On the example of values within a byte. Compare -10 and 10 inside byte registers:
mov al, -10
mov cl, 10
cmp al, cl
; результат вычитания -20, флаг SF установлен
; и по js и по jl переход произойдет
Now on the example of numbers -100 and 100:
mov al, -100
mov cl, 100
cmp al, cl
; результат вычитания "на бумаге" -200
; но в пределах байта это уже не -200, а 56, флаг знака сброшен,
; поэтому по js переход не произойдет.
; Зато выставлен флаг переполнения - OF
; По jl, которое проверяет и SF, и OF, переход произойдет.
Addition 2. By half the bit depth, I mean this: for example, signed numbers from -128 to +127 can be stored in a byte register.

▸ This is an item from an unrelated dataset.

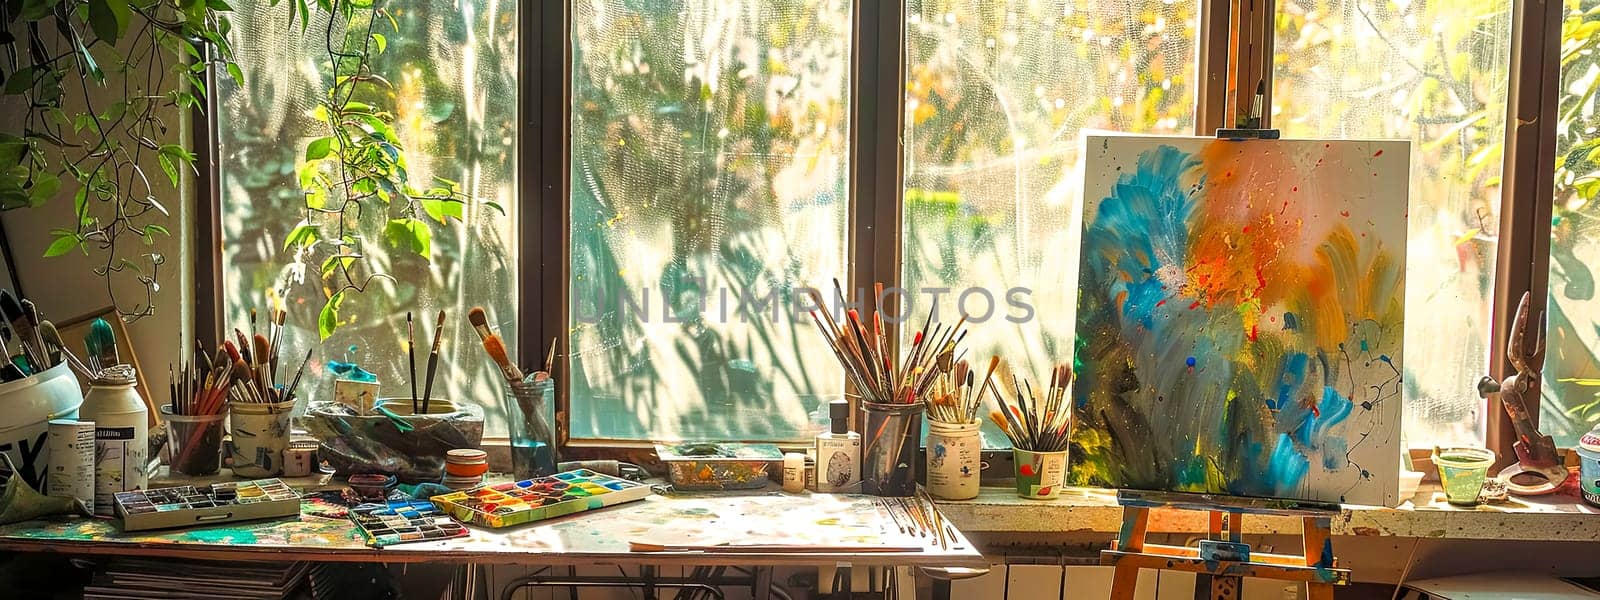 Bright, cozy art studio filled with natural light, brushes, and a colorful canvas
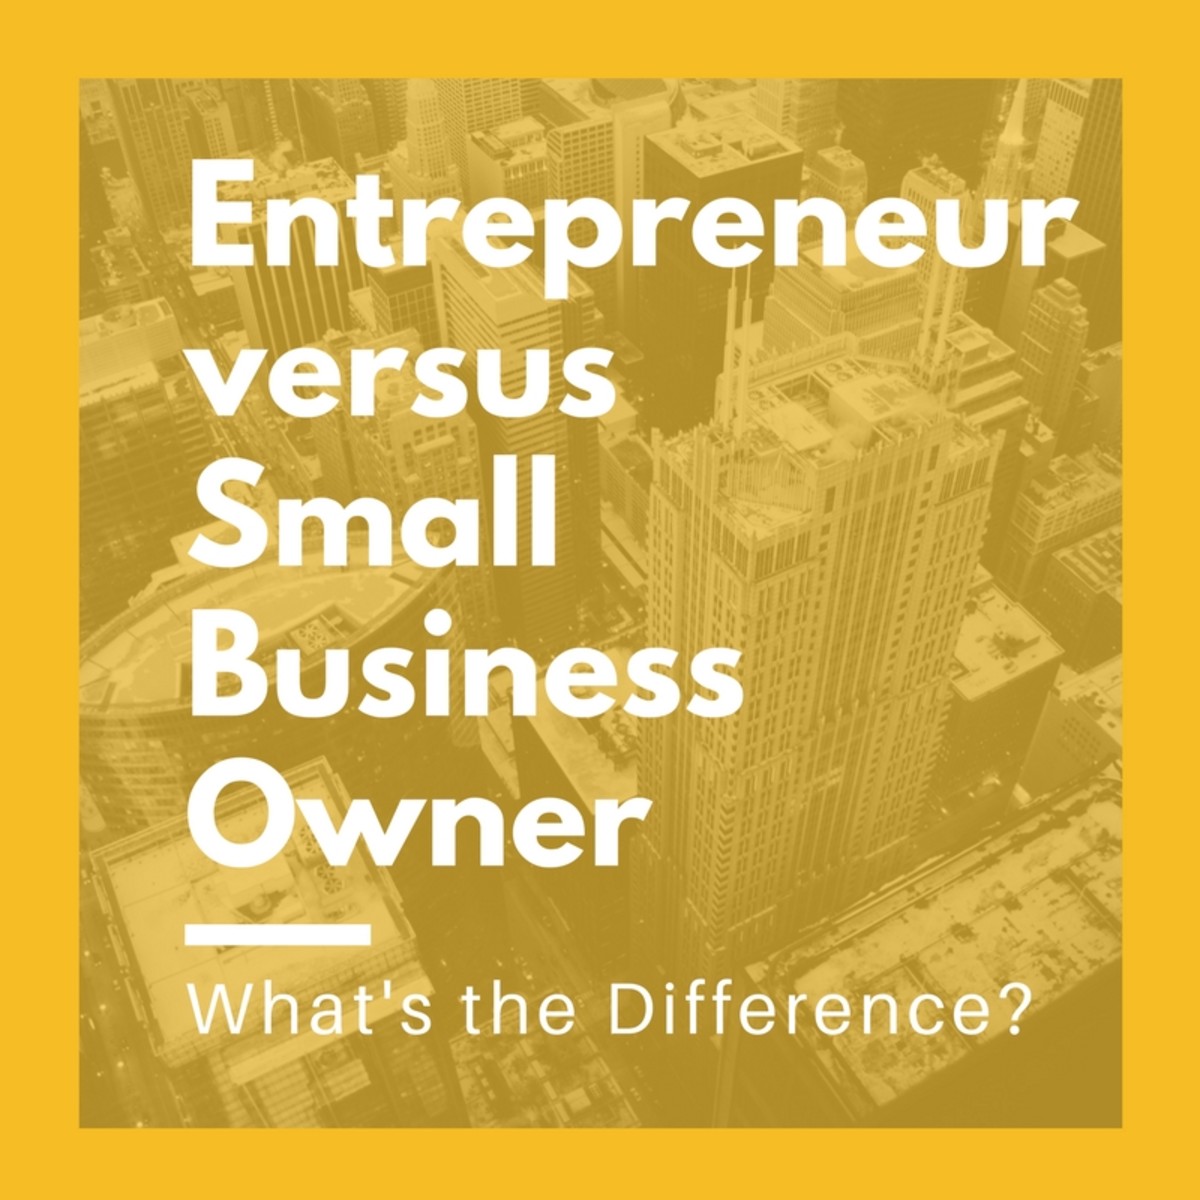 Are there any differences between an owner of a small business and an entrepreneur?

In Word – from -2^15 to +2^15-1, in Court – from -2^31 to +2^31-1. Accordingly, if the subtraction result goes beyond these limits, then the sign of the subtraction result turns out to be incorrect (and the result itself will be incorrect, but in the case of cmp it does not interest us) and the overflow flag is set. Therefore, to determine that one number is greater than another, both the sign flag and the overflow flag must be taken into account, which is what the jump commands jl (jnge), jnl (jge), jg (jnle), jng (jle) do.
Concerning departure from the outer loop cmp esi, 0 ; jns loop_i. The last iteration of the outer loop must be executed at esi==0. Then the following happens in the inner loop:
- edi will reset
- if necessary, the operation of permutation of adjacent elements of the array will be performed
- edi will increase by 1
- will compare edi (1) with esi (0)
- since they are not equal (edi is already greater than esi), the loop will not exit
- then edi will grow and grow until it reaches the end of the writable memory area.
If we replace cmp esi,0 with cmp esi,1, then the last iteration of the outer loop will be executed at esi==1, and the inner loop will end with one iteration. But there are still problems here, if the array consists of one element or is completely empty, then esi will be less than edi when checking the exit condition from the inner loop and the exit condition will not work again.
To avoid such "jumping" of the inner loop, you need to add a check before entering it ("precondition").